The restaurant had no telephone so Johnny conducted business at the payphone below the balcony and was consonantly screaming in Thai, pounding the receiver everywhere, and kicking the hell out of the glass. It was all wonderful fun to hear and observe. He must have gone through three phone booths in my three years living there.

As I said, I barely made it to break. My first Monday off I read Neil Sheehan’s Vietnam War classic A Bright Shining Lie in one setting. That book was over 600 pages long.

Slowly I emerged from hibernation and started seeing the woman I was loosely dating, Angela, then a stunning 21-year-old junior at Seattle Pacific who was majoring in literature if memory serves me right, which it often doesn’t writing memoirs of this kind.

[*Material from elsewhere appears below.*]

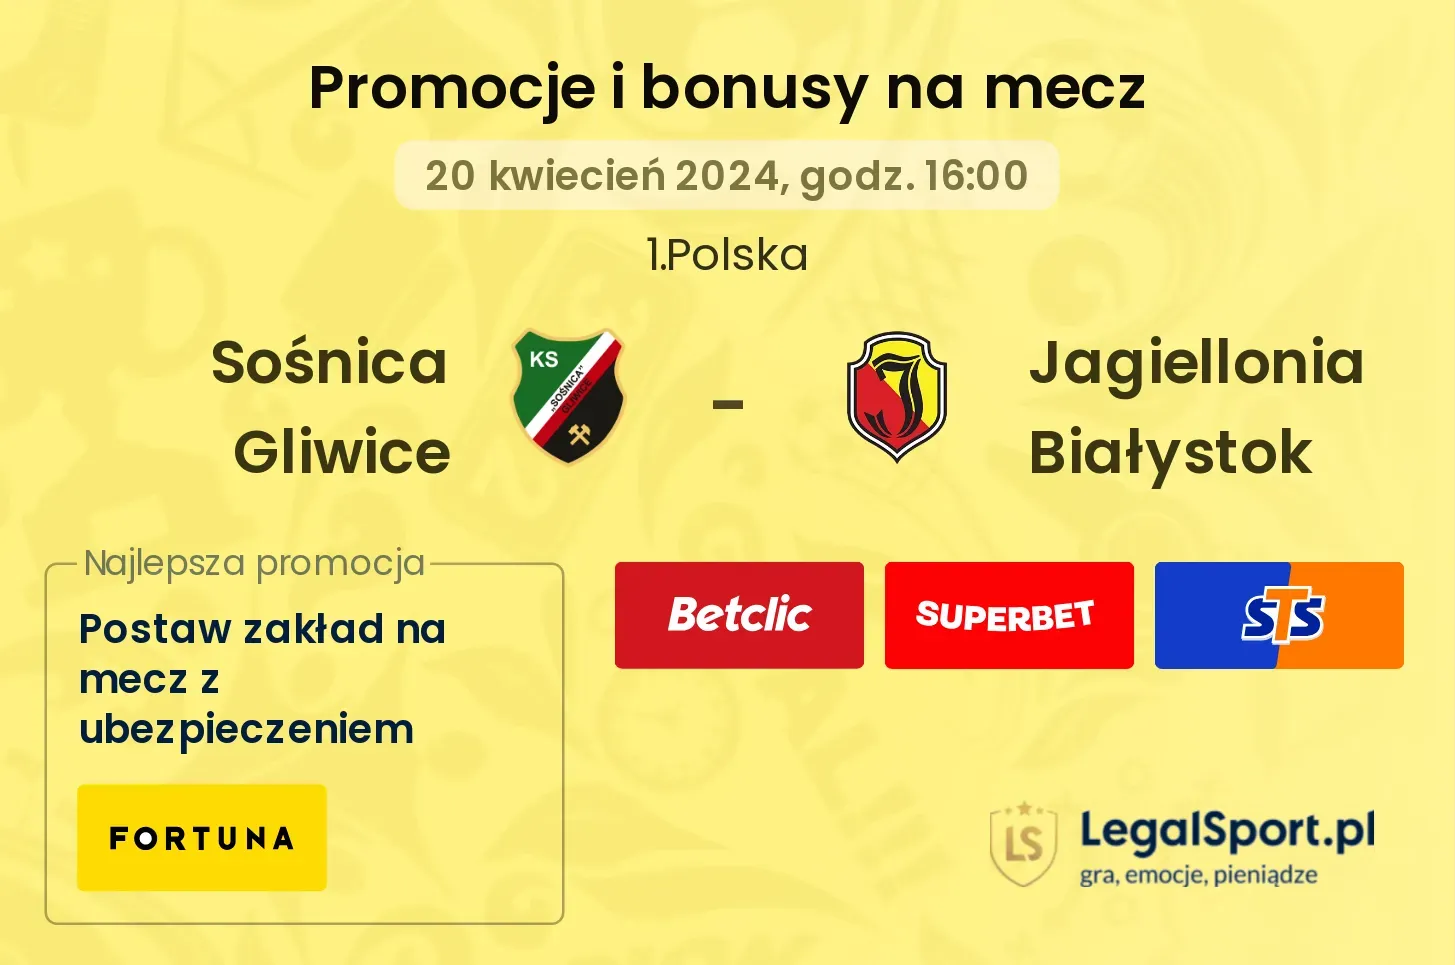 Sośnica Gliwice - Jagiellonia Białystok promocje bonusy na mecz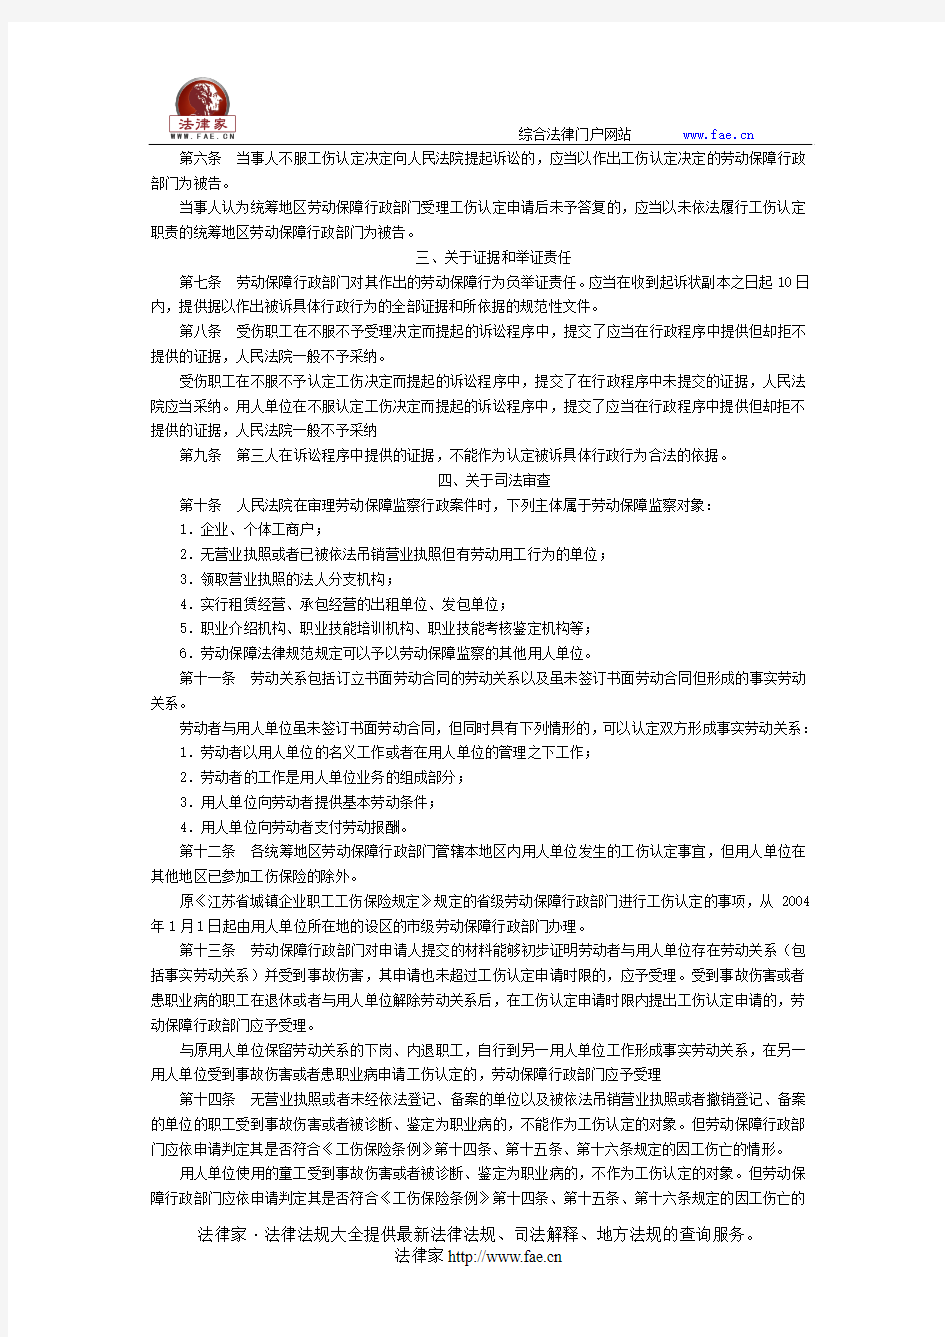 江苏省高级人民法院关于审理劳动保障监察、工伤认定行政案件若干问题的意见-地方司法规范

Angela and I had a tempestuous on/off relationship but there was something unique in our attraction and sexual chemistry that I haven’t experienced too many times in my life, if ever. She is also the only woman I’ve ever known with a terrible temper and the only woman who has ever slapped me across the face. (It hurt! It was right out of the noir films!) I will never forget the time she erupted in anger when we met at a campground near Mt. Rainier. She was pissed because she thought we were meeting halfway, and, as it turned out, she had to drive two thirds of the distance. It was during that outing that she also castigated me when I told her I suffered more emotional pain when my childhood dog died over the passing of my grandfather. I tried explaining but she wouldn’t have any of it.

Despite all our tensions, I was crazy for her and her then terrible taste in music! (Breathe—”Hands to Heaven,” our song!) I mean, she read William Faulkner and sashayed in faded Levi’s like nothing I have ever seen when she walked. She smoked cloves like a movie star and the Clackamas River still remembers her sunbathing there in a Polo one-piece swimsuit.

On Christmas Eve, after a low-key celebration with my father and sister, I returned to the apartment with nothing to do but grade papers that I had stupidly brought home over the break. I started grading then stopped. No! Not on Christmas Eve! That’s absurd!

I was feeling antsy. I needed something to do.